Nevertheless, Deutsche Bank upgrades to Hold from Sell on valuation. The broker also suspects the company may be in a position to reinstate dividend payments at the full year result. Regis is expected to assess M&A opportunities, given the Duketon hub appears reasonably mature from an exploration perspective.
The company has not been a good communicator with investors. That is JP Morgan's gripe. The broker believes the latest announcement will further damage market confidence in the assets and the stock is unlikely to trade at full value. The broker concedes the market may have over-reacted to the news but maintains the issues are exacerbated by poor handling of communications. JP Morgan finds better
risk/reward opportunities elsewhere in the sector, and retains a Neutral rating.
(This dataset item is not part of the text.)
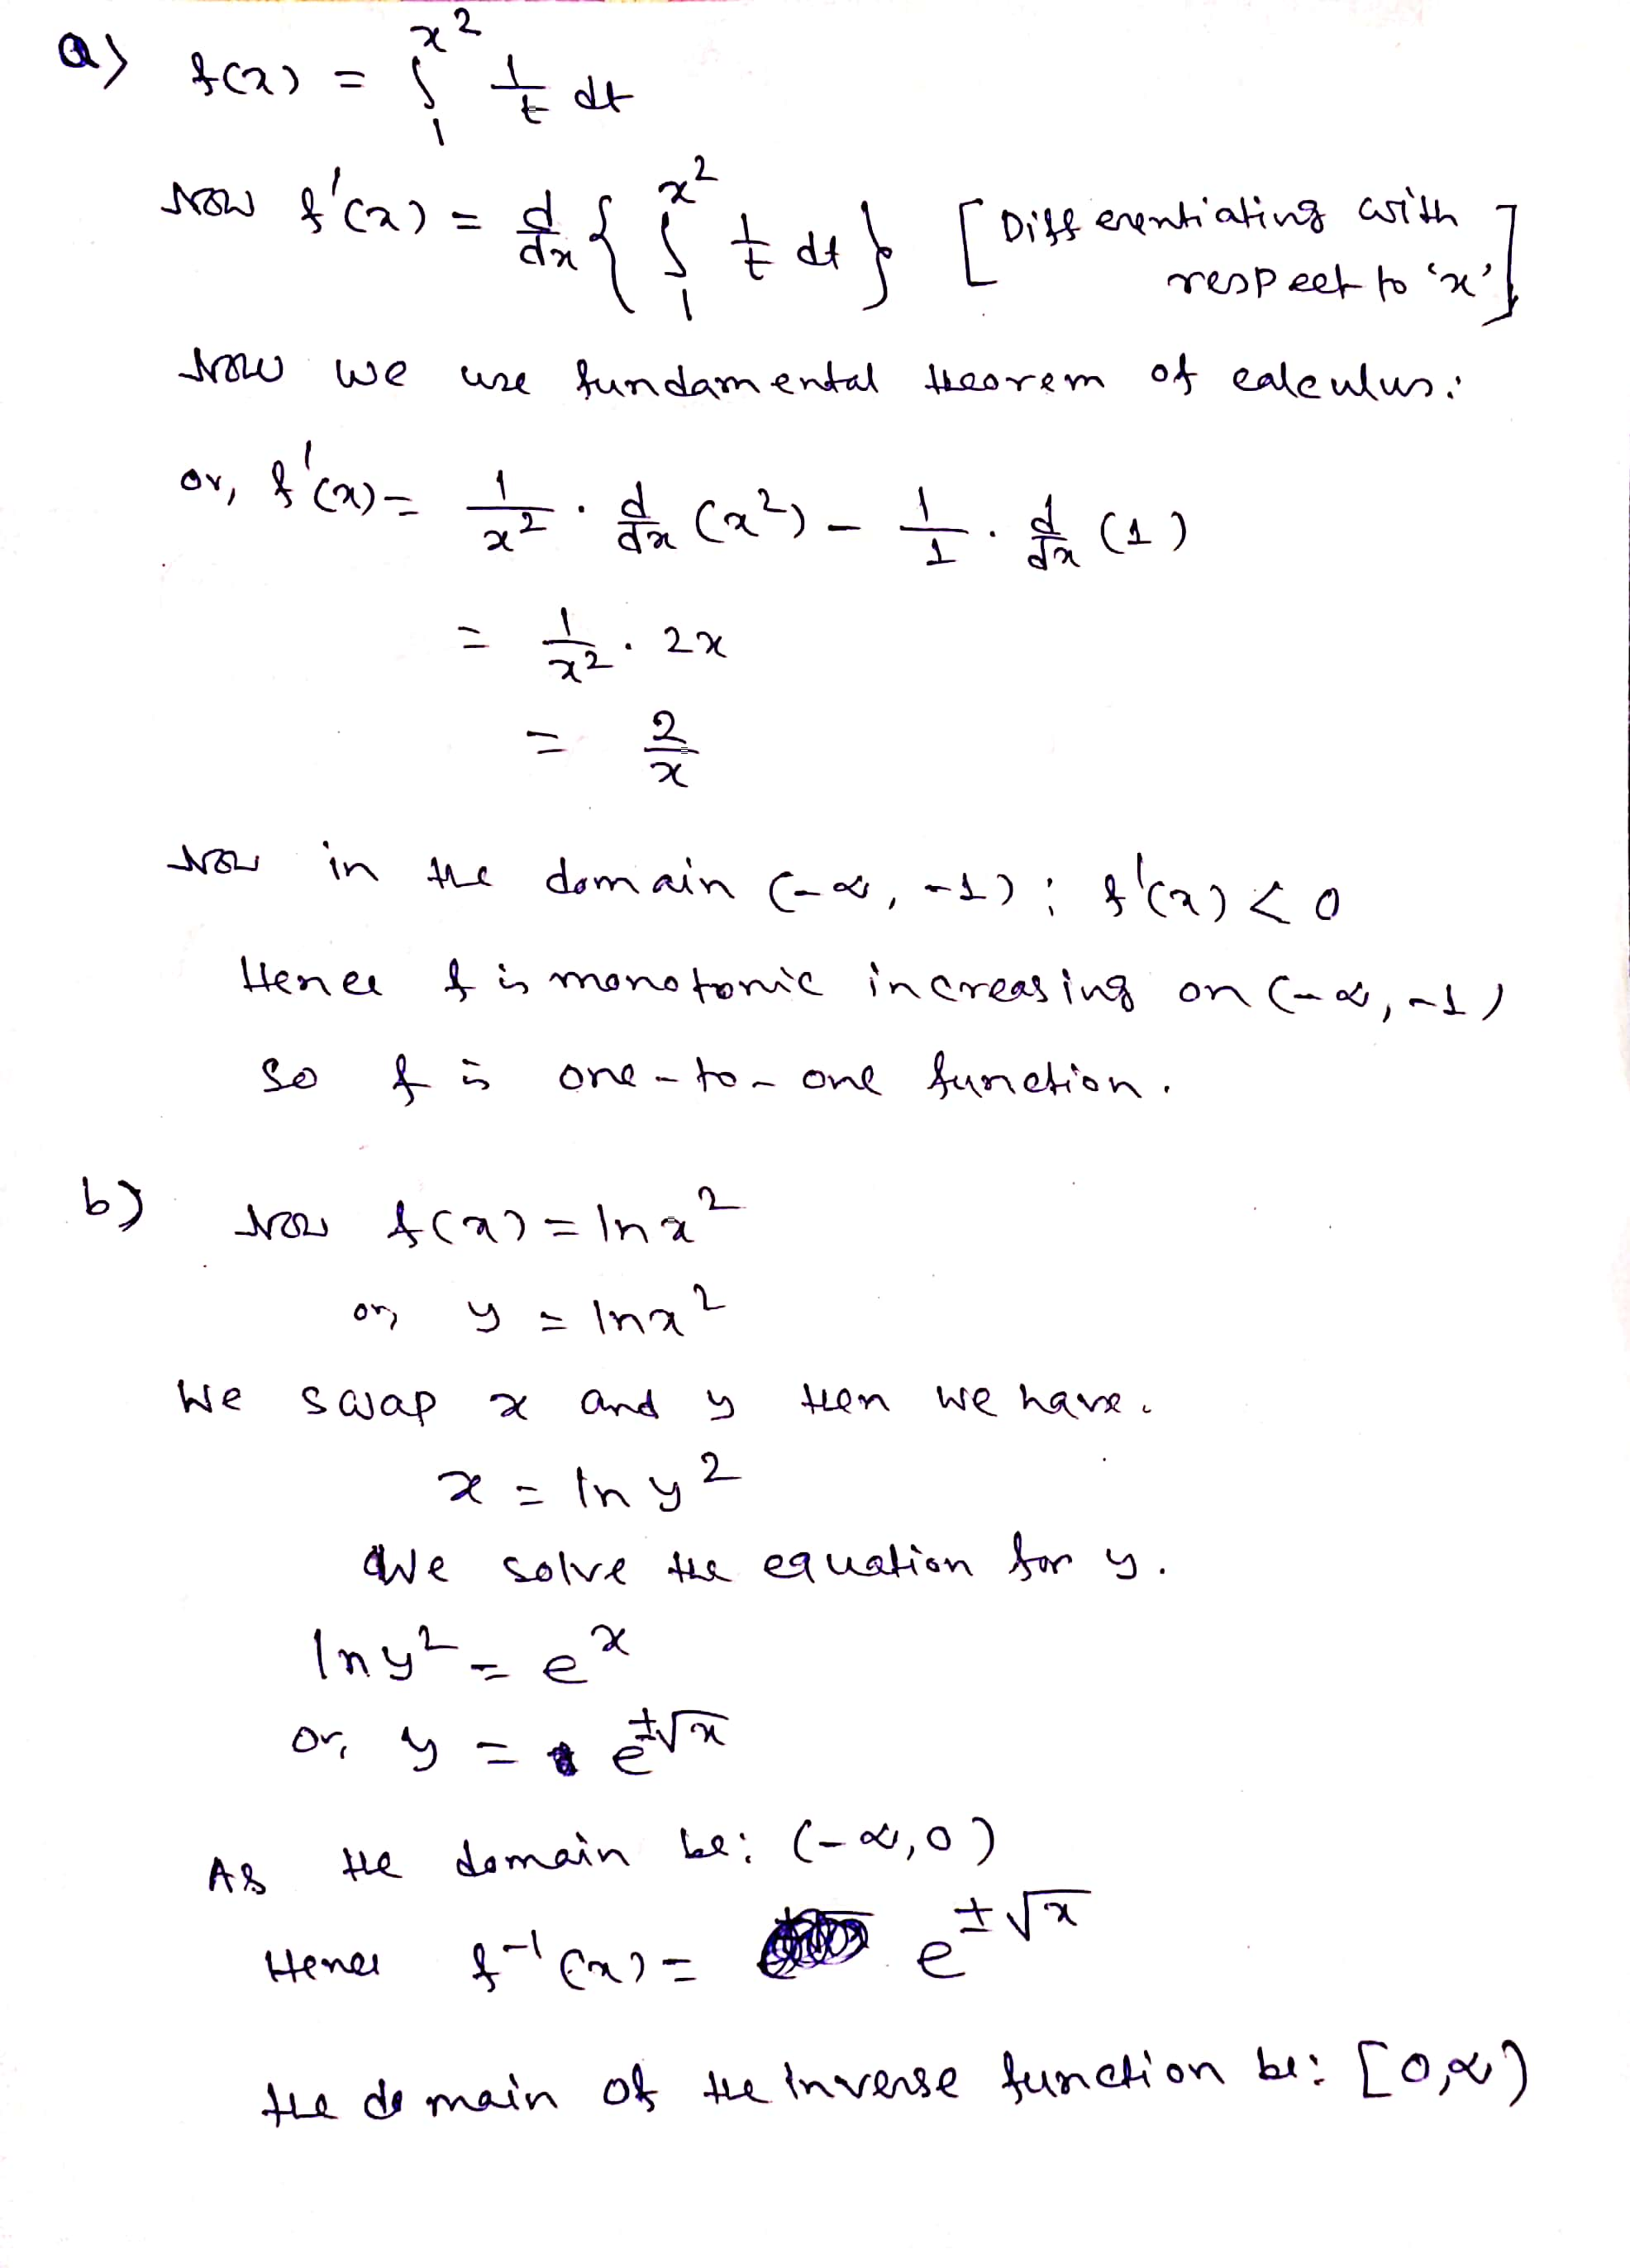 Let f be the function defined on (-1,-1)by S(x)=1;a. dt. Determine whether is a one-to-one function on (-0, -1). (8 marks) (b) Determine the inverse of the function S(x)= ln x' for x in (-0,0). Justify your answer. State the domain of the inverse. (8 mark 7qQRtO

The main source of Credit Suisse's downgrades to earnings forecasts are the refining of later year forecasts to to more closely align Garden Well grades with reserve grades. The guidance on Garden Well fell well short of expectations but Credit Suisse does not adjust for the negative reconciliation issues beyond this year, on the understanding that it applies specifically to low-confidence ore zones in the south
of the pit which account for only around 10% of the total remaining reserve tonnage. Meanwhile, Rosemont, the newer mine, continues to grade well after some short term issues and the broker models a return to reserve grades in future years.
Growth plans based on bringing McPhillamys to production have had to be shelved, given poor returns and water issues but the work done in the central NSW region positions the company well to bid for an operating mine that may be divested by a global major, in the broker's opinion. While the company has, historically, created value through low cost development of new mines, Credit Suisse acknowledges there
is nothing obvious available for acquisition, or within Regis Resources' assets, to offset a production decline in two years time, as Moolart Well grade falls. In the context of the sharp decline in the share price the broker upgrades to Outperform from Neutral.